APPROVED DRUGS: This refers to substances that in the United States have gone through a several step process that is overseen by the Food and Drug Administration (FDA). These steps include pre-clinical laboratory research, animal studies, and clinical trials. Once the research is completed the FDA reviews the manufacturer submitted application and approves or denies it.

BIAS: This is when people impart their impartial judgment on a study. For example if someone takes an experimental treatment they may claim to feel better simply because it is a different treatment and not necessarily a better treatment.

BLIND: This refers to a randomized trial when the patient is not told which group (or arm) of the trial he is on. This help to ensure more valid testing as the patient does not know whether they are receivng the experimental treatment or not.

CLINICAL INVESTIGATOR: This is the medical researcher that is responsible for conducting a clinical trial's protocol.

CLINICAL TRIAL: This is a research study that seeks to research new vaccines or treatments. Clinical trials are medical research studies that are conducted to figure out whether these new drugs and/or treatments are both safe and effective for general human use. Clinical trials are in grouped into four different phases. See Phase I, Phase II, Phase III and Phase IV below.

COMMUNITY-BASED CLINICAL TRIAL (CBCT): These are clinical trials that conducted through your primary-care doctors rather than formal academic research facilities. This provides the benefit of having your personal doctor who is more familiar with you and has better access to a group of patients.

COMPASSIONATE USE: This is a less common method of providing the experimental treatments before the final FDA approval for general use in humans. This is generally only done with very ill patients who have no other alternative options. For compassionate use to apply, special approval must be recevied from the FDA.
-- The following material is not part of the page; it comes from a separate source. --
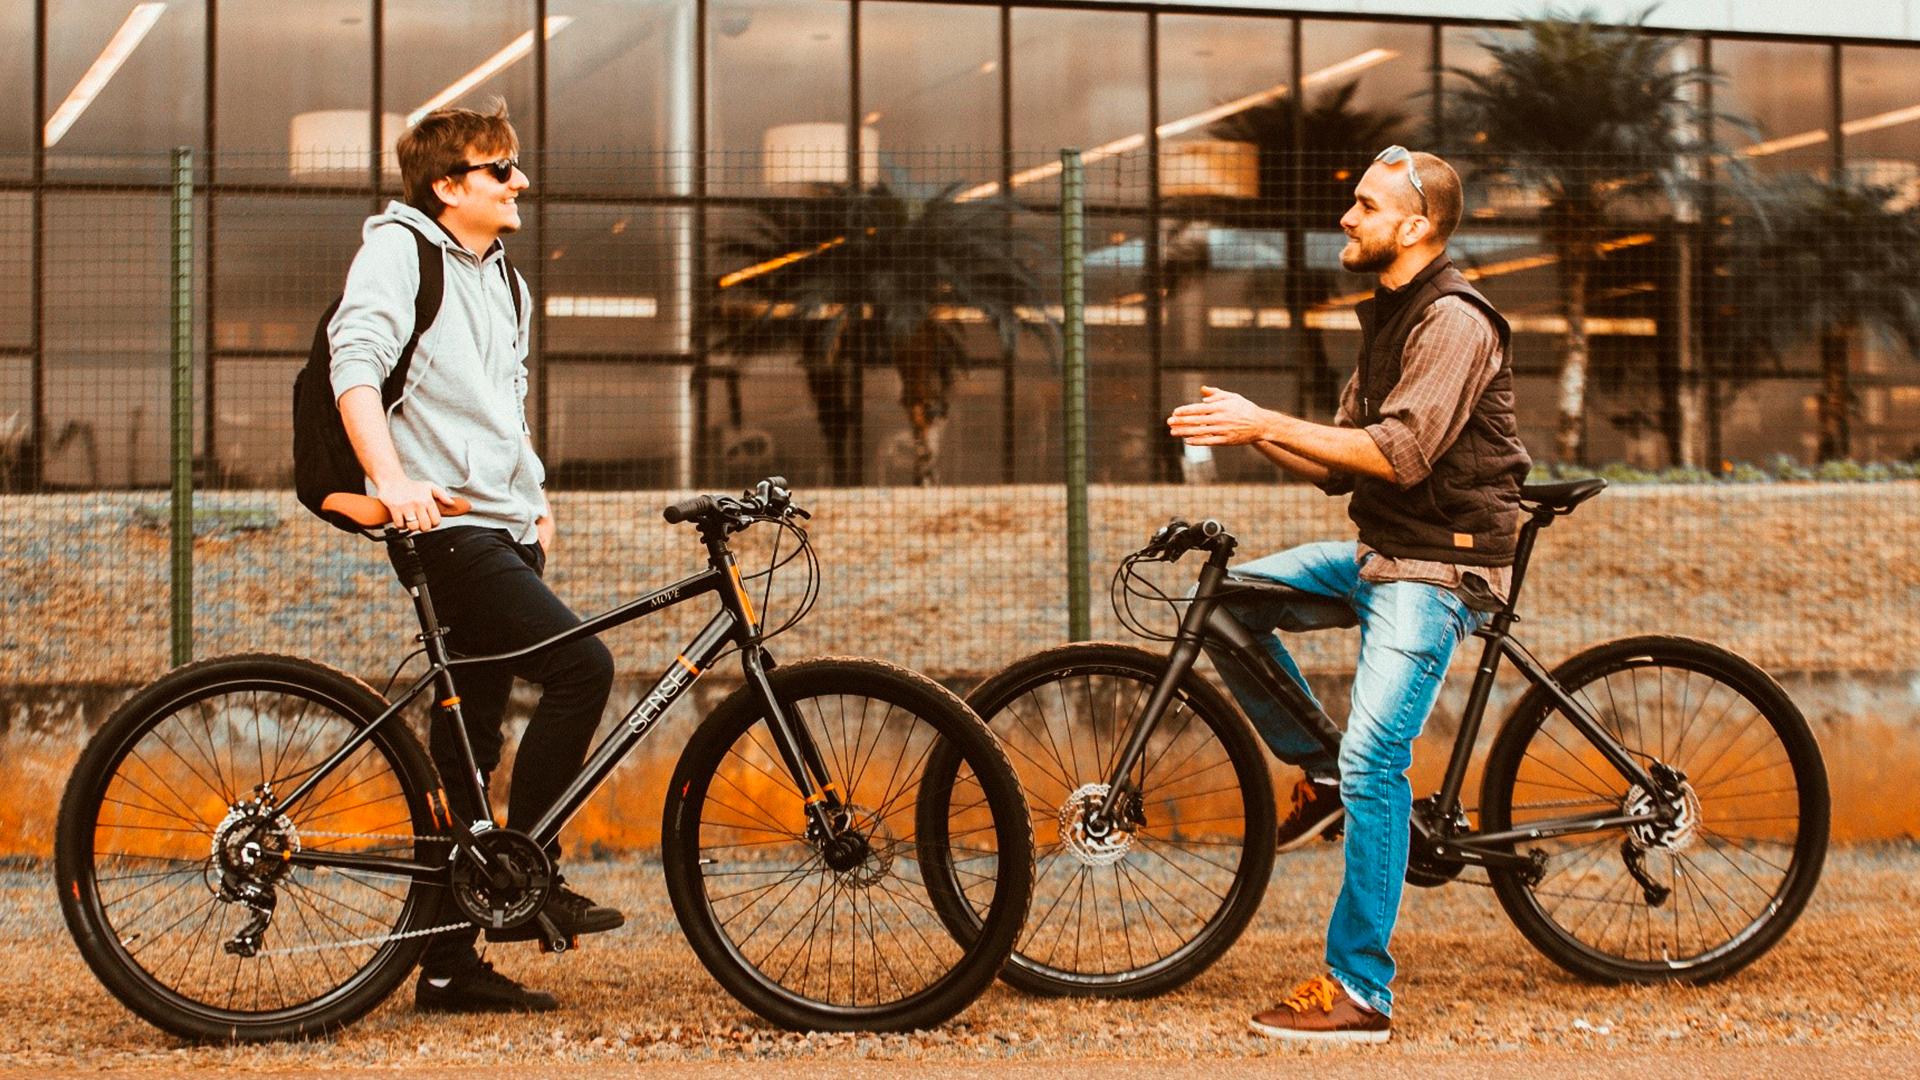 Qual bicicleta escolher para começar a pedalar - Revista Bicicleta

CONTROL GROUP: This is the group of patients that receive the currently exisitng care and are not provided witht he experiemental treatment. This provides data that can be used as the standard by which experimental observations are evaluated against.

DATA SAFETY AND MONITORING BOARD (DSMB): This is an independent committee that consists of representatives from the community and medical experts. Their role is to review the data during a clinical trial to ensure the safety of all participants and that unneccasary risks are not taken. If they find a potential danger with the study the DSMB may recommend that a trial be stopped.

DIAGNOSTIC TRIALS: These are trials that are performed not to find better treatments but to find better ways of researching and testing. So future clinical trials may gather more accurate information through smart testing procedures.

ELIGIBILITY CRITERIA: These are the factors that will determine whether a person may participate or not in clinical trial. Factors can include age, weight, severity of condition and other factors.

FOOD AND DRUG ADMINISTRATION (FDA): This is part of U.S. Department of Health and Human Services. It is responsible for ensuring the effectiveness and safety of all drugs and medical devices that are used in the general public. Another responsibility is to ensure the safety of the national blood banking industry.

INFORMED CONSENT: This is when a patient becomes educated about the key facts pertaining to a clinical trial including the dangers and risks it may pose before making a decision on whether or not to participate. This knowledge is a updated and provided to the patient throughout the trial.

INSTITUTIONAL REVIEW BOARD (IRB): This board consists of doctors, medical researchers and patient advocates. Their responsibility is to ensures that a trial is being conducted ethically and that the patients rights are being protected. Before a clinical trial begins in the United States it must be approved by an IRB.

NEW DRUG APPLICATION (NDA): This is the formal application that must be submitted by a drug manufacturer to request approval from the FDA for a new drug/treatment based on positve clinical trial resech having been completed.

ORPHAN DRUGS: This is a special status that the FDA can apply to a medications that is used to treat rare diseases or rare conditions. This special status helps provide a financial incentive to the pharmaceutical industry to develop medications that would not exist since these rare diseases and conditions also have a low demand.

PHASE I CLINICAL TRIALS: This is the first part of the research. It is designed to explore the side effects associated with dosage and to start collecting initial evidence of effectiveness.

PHASE II CLINICAL TRIALS: This is the secondary part of research intended to determine the effectiveness of a drug and its interaction in patients to determine the common short-term side effects and risks.

PHASE III CLINICAL TRIALS: This provides a larger amount of participants based on the phase I and phase II data. Its purpose is to gather a wider amount of research data in order to determine the benefit-risk relationship of a drug.

PHASE IV CLINICAL TRIALS: This is a post-marketing study to determine additional information including more specific drug's risks, benefits, and determine the optimal use.

PLACEBO: A placebo is an inactive pill, liquid, or powder that has no treatment value. A placebo may be provided to the control group so that they remain unware that they are not receivng the experimental treatment, thus ensuring more accurate data.

RISK-BENEFIT RATIO: This is the amount of risk to individual patients compared against the potential benefits. The risk/benefit ratio will be different depending the condition being treated and the health status of the patient.